Avoiding Unintended Dimension Reduction

In the world of statistics, dimension reduction is a good thing, with many statistical procedures aimed to do it well. If we are working with, say, 10 variables and can reduce that number to 3 that still capture the essence of our data, we’re happy.

However, in R, something else might merit the name dimension reduction that we may sometimes wish to avoid. Say we have a four-row matrix and extract a row from it:

> z
     [,1] [,2]
[1,]    1    5
[2,]    2    6
[3,]    3    7
[4,]    4    8
> r <- z[2,]
> r
[1] 2 6

This seems innocuous, but note the format in which R has displayed r. It’s a vector format, not a matrix format. In other words, r is a vector of length 2, rather than a 1-by-2 matrix. We can confirm this in a couple of ways:

> attributes(z)
$dim
[1] 4 2
> attributes(r)
NULL
> str(z)
 int [1:4, 1:2] 1 2 3 4 5 6 7 8
> str(r)
 int [1:2] 2 6

Here, R informs us that z has row and column numbers, while r does not.
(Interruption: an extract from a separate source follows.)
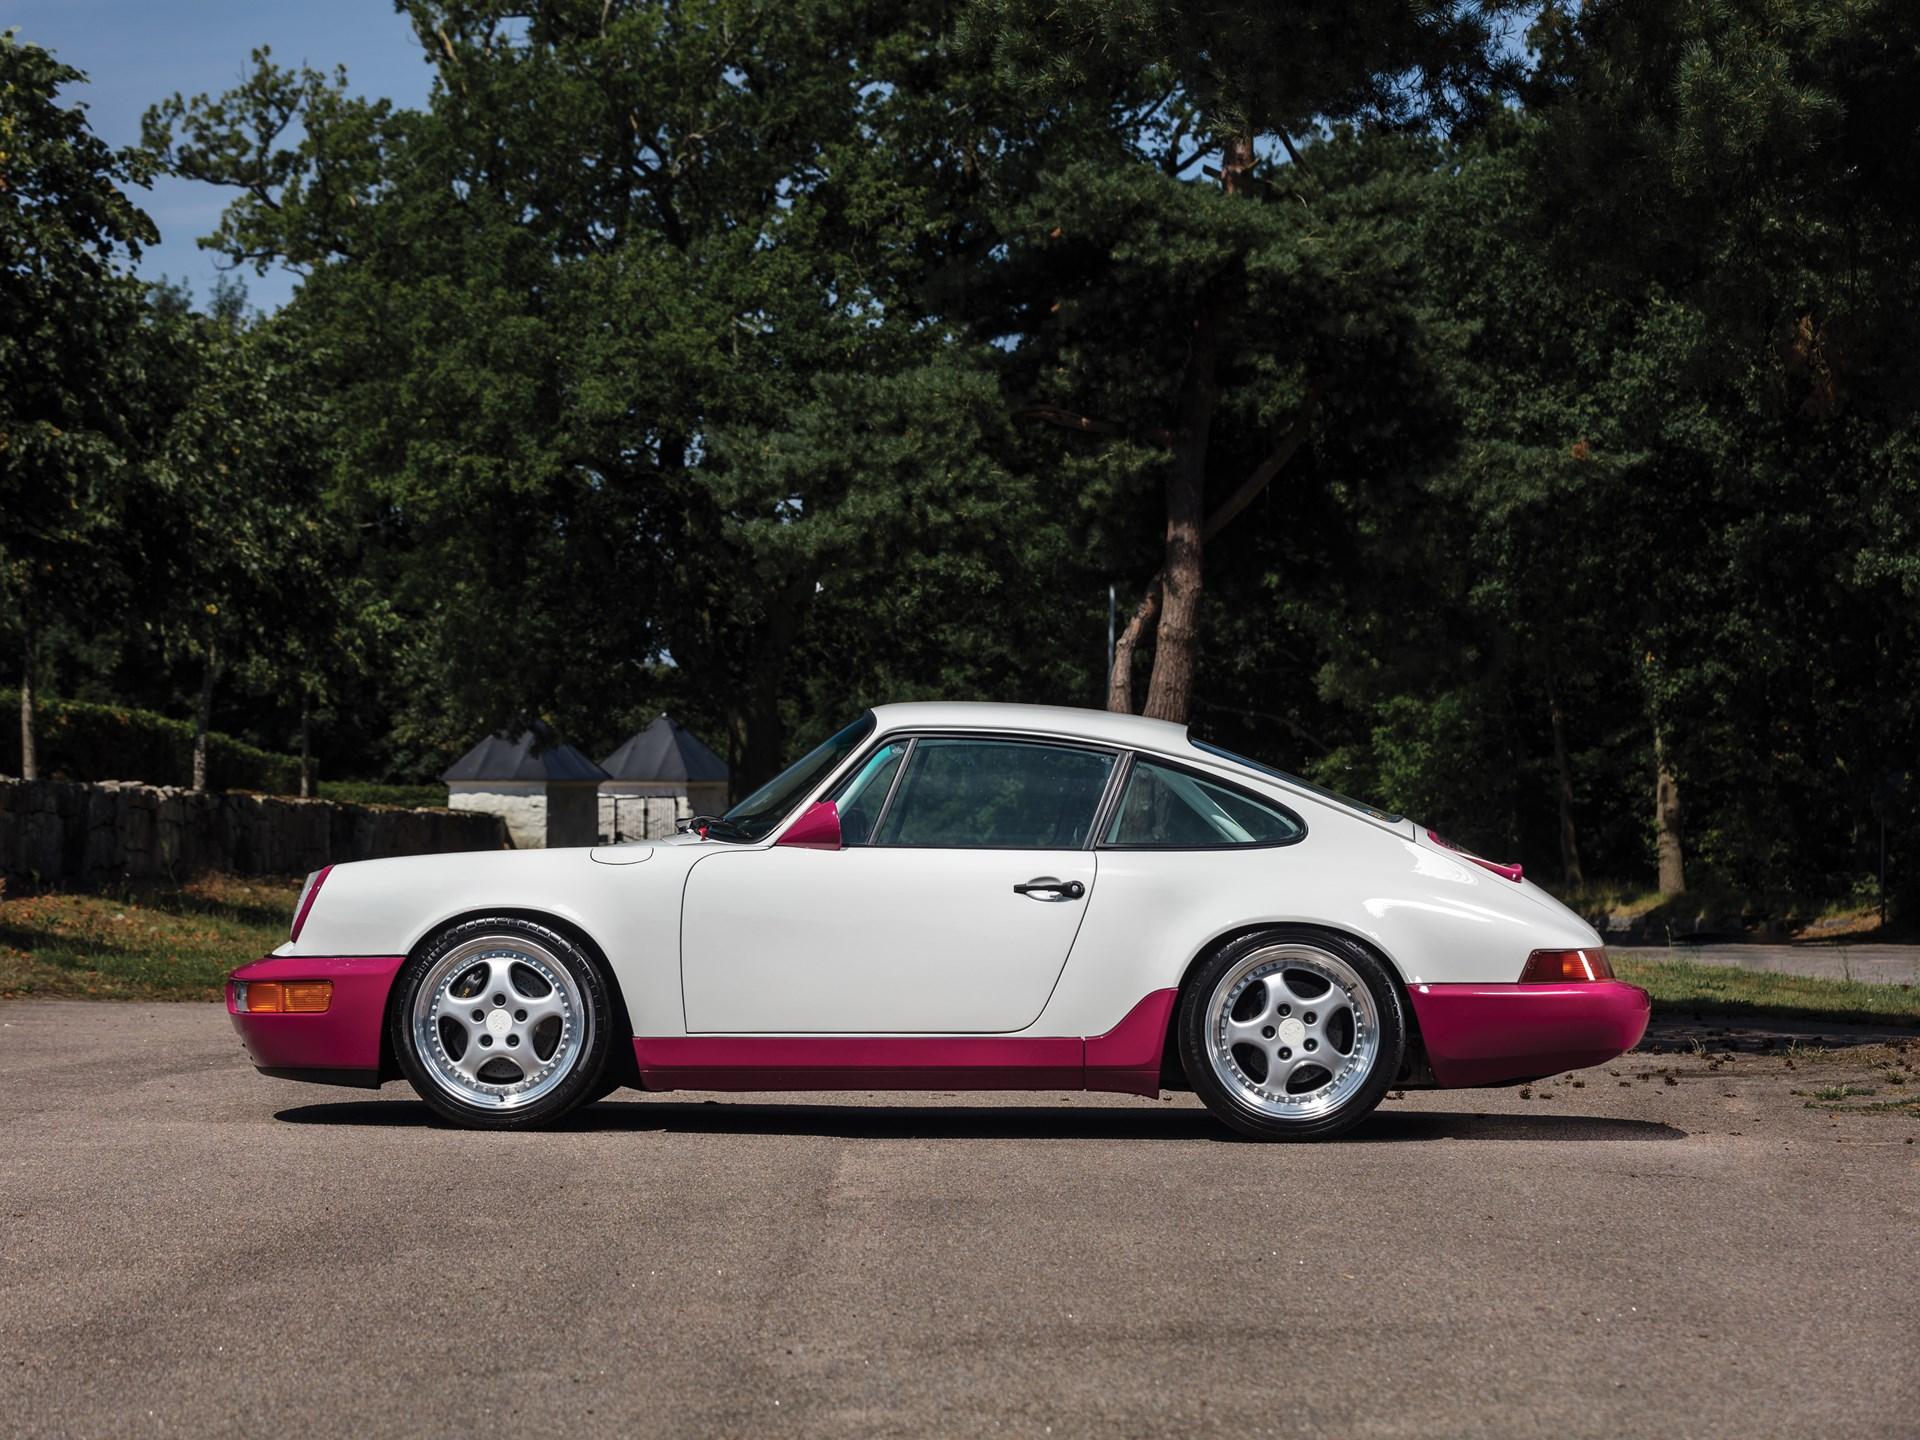 rm sotheby's - 1990 porsche 911 carrera cup | london 2018

Similarly, str() tells us that z has indices ranging in 1:4 and 1:2, for rows and columns, while r’s indices simply range in 1:2. No doubt about it—r is a vector, not a matrix.

This seems natural, but in many cases, it will cause trouble in programs that do a lot of matrix operations. You may find that your code works fine in general but fails in a special case. For instance, suppose that your code extracts a submatrix from a given matrix and then does some matrix operations on the submatrix. If the submatrix has only one row, R will make it a vector, which could ruin your computation.

Fortunately, R has a way to suppress this dimension reduction: the drop argument. Here’s an example, using the matrix z from above:

> r <- z[2,, drop=FALSE]
> r
     [,1] [,2]
[1,]    2    6
> dim(r)
[1] 1 2

Now r is a 1-by-2 matrix, not a two-element vector.

For these reasons, you may find it useful to routinely include the drop=FALSE argument in all your matrix code.

Why can we speak of drop as an argument? Because that [ is actually a function, just as is the case for operators like +. Consider the following code:

> z[3,2]
[1] 7
> "["(z,3,2)
[1] 7

If you have a vector that you wish to be treated as a matrix, you can use the as.matrix() function, as follows:

> u
[1] 1 2 3
> v <- as.matrix(u)
> attributes(u)
NULL
> attributes(v)
$dim
[1] 3 1